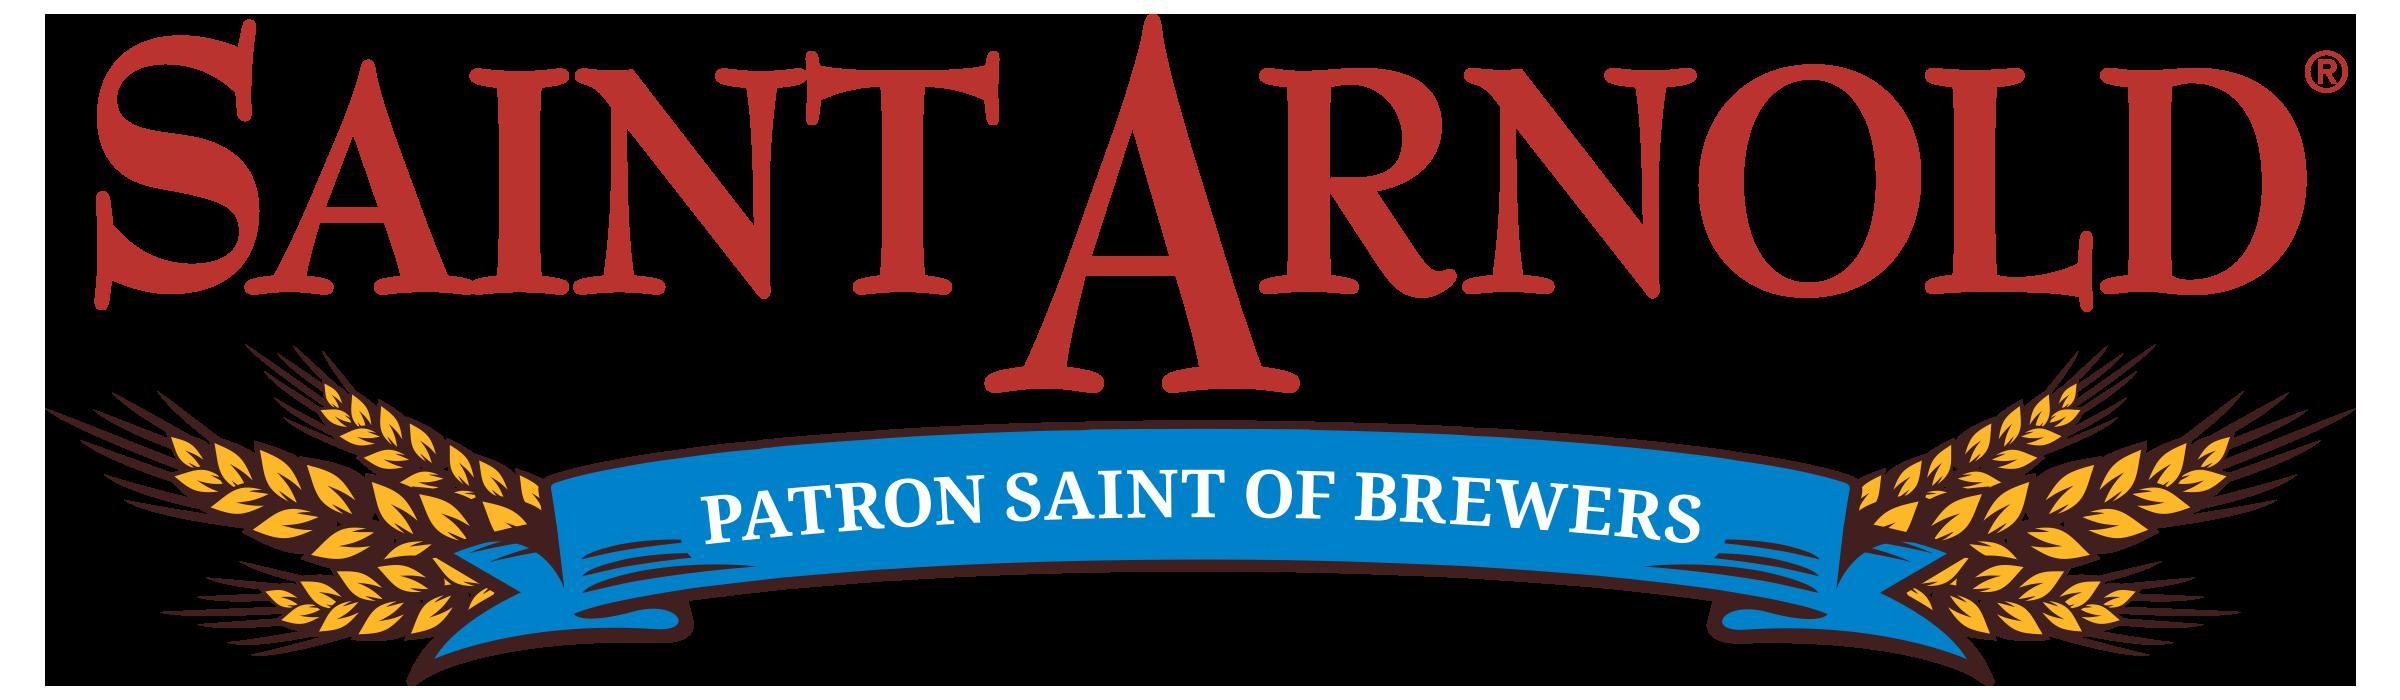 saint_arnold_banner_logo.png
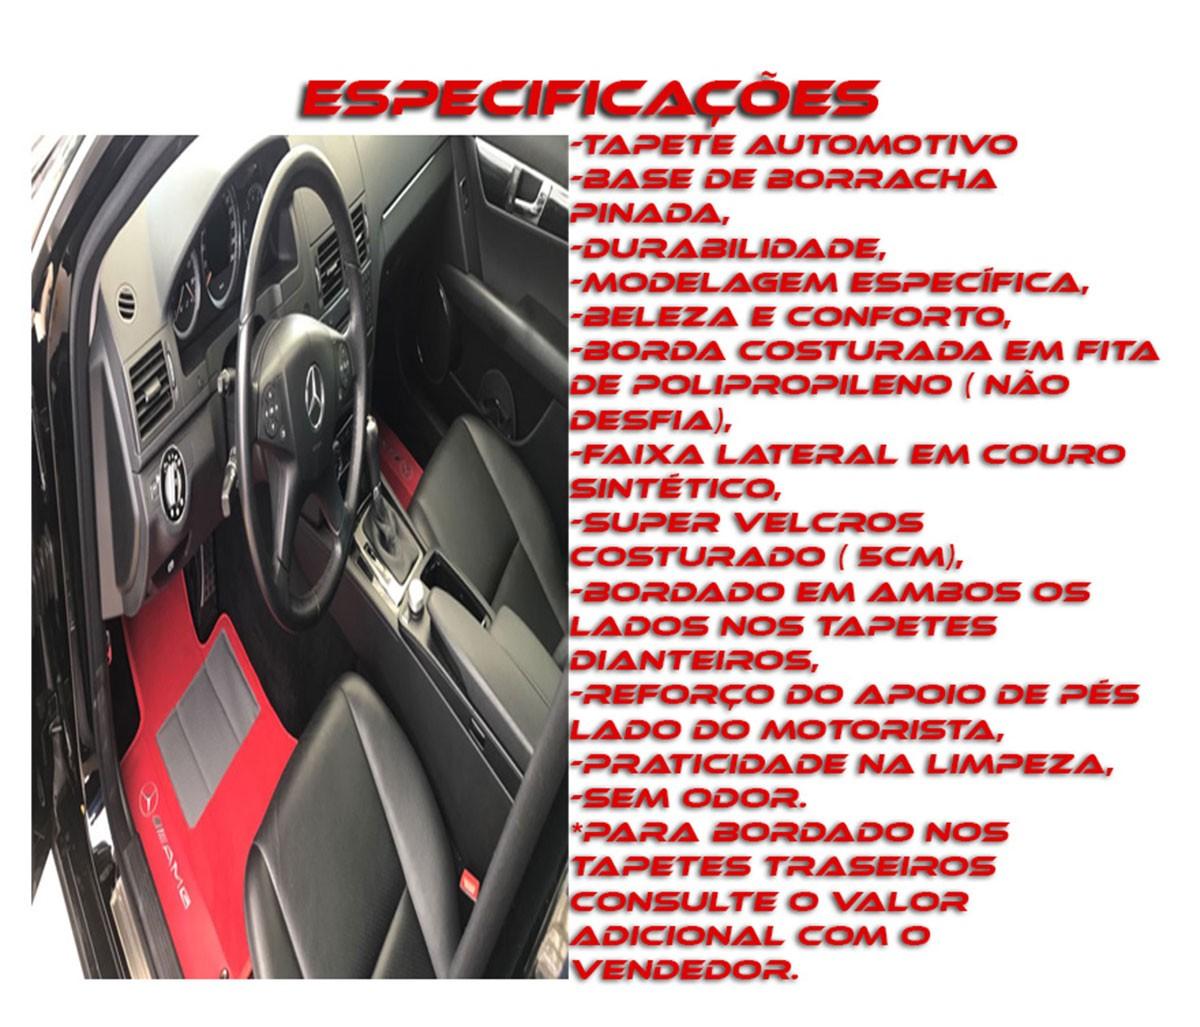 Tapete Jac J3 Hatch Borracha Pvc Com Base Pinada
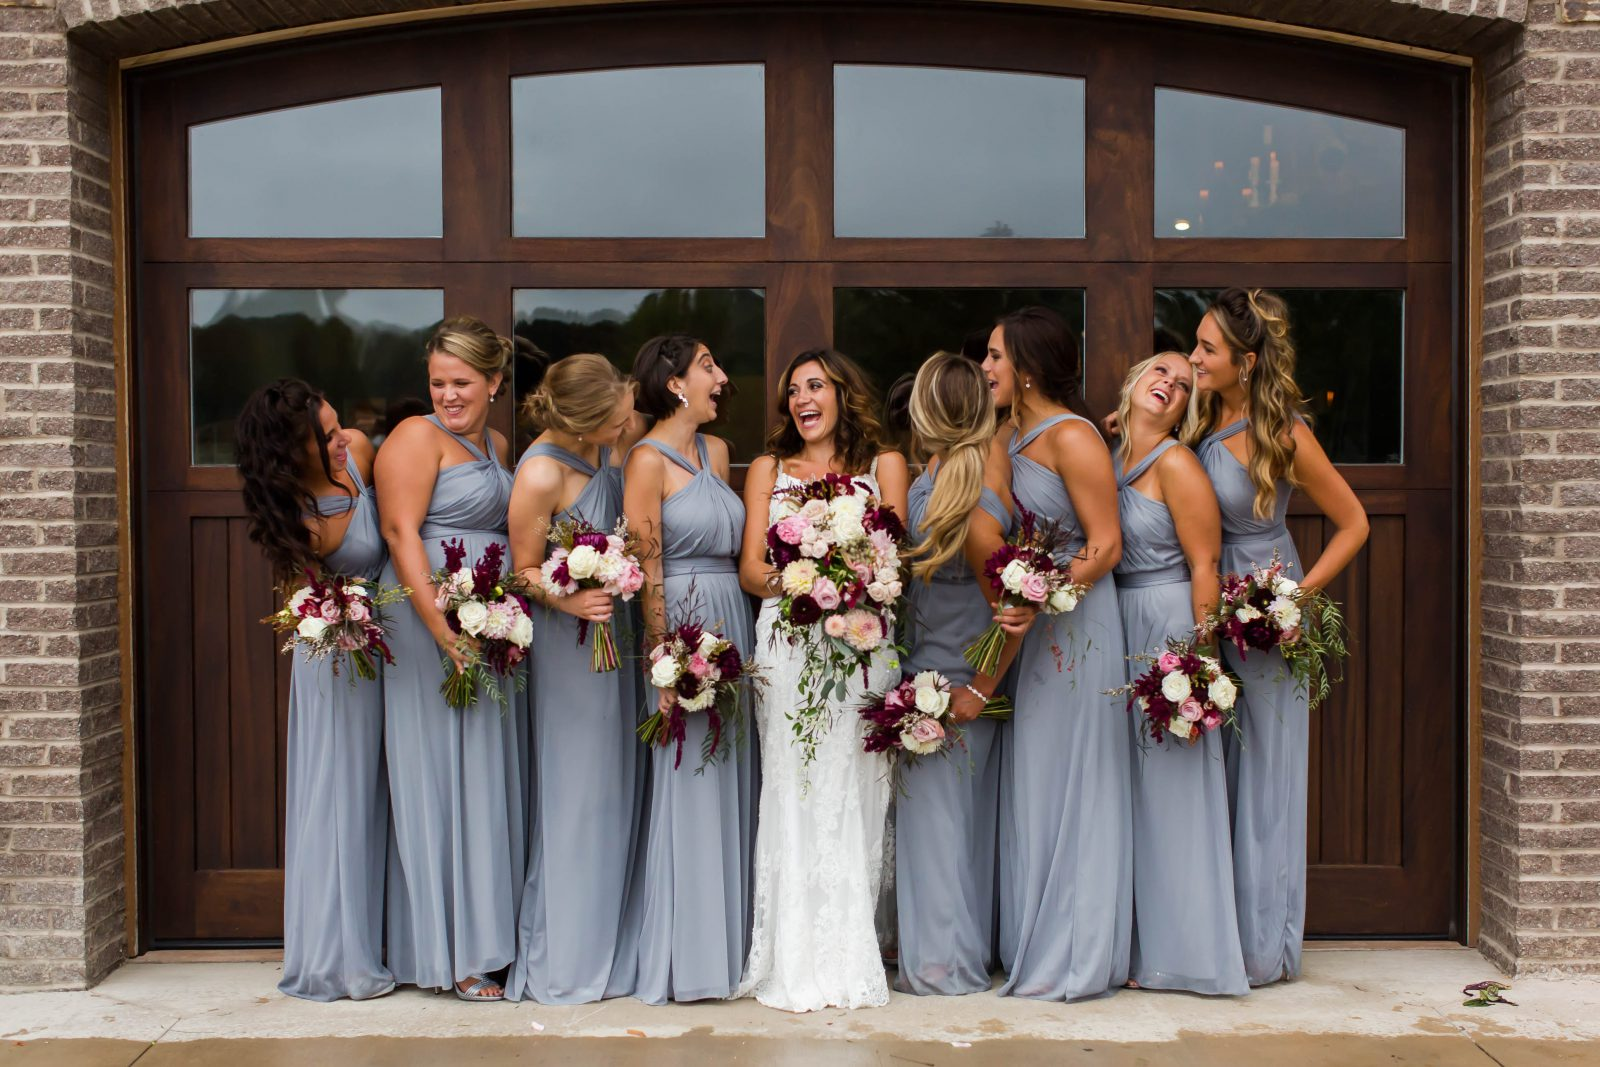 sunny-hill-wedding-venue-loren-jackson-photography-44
==========
**EXERCISE INSTRUCTIONS**
Please print the listing above again word for word, without its pictures.

**WRITTEN SOLUTION**
 saint_arnold_banner_logo.png
 Tapete Jac J3 Hatch Borracha Pvc Com Base Pinada
 sunny-hill-wedding-venue-loren-jackson-photography-44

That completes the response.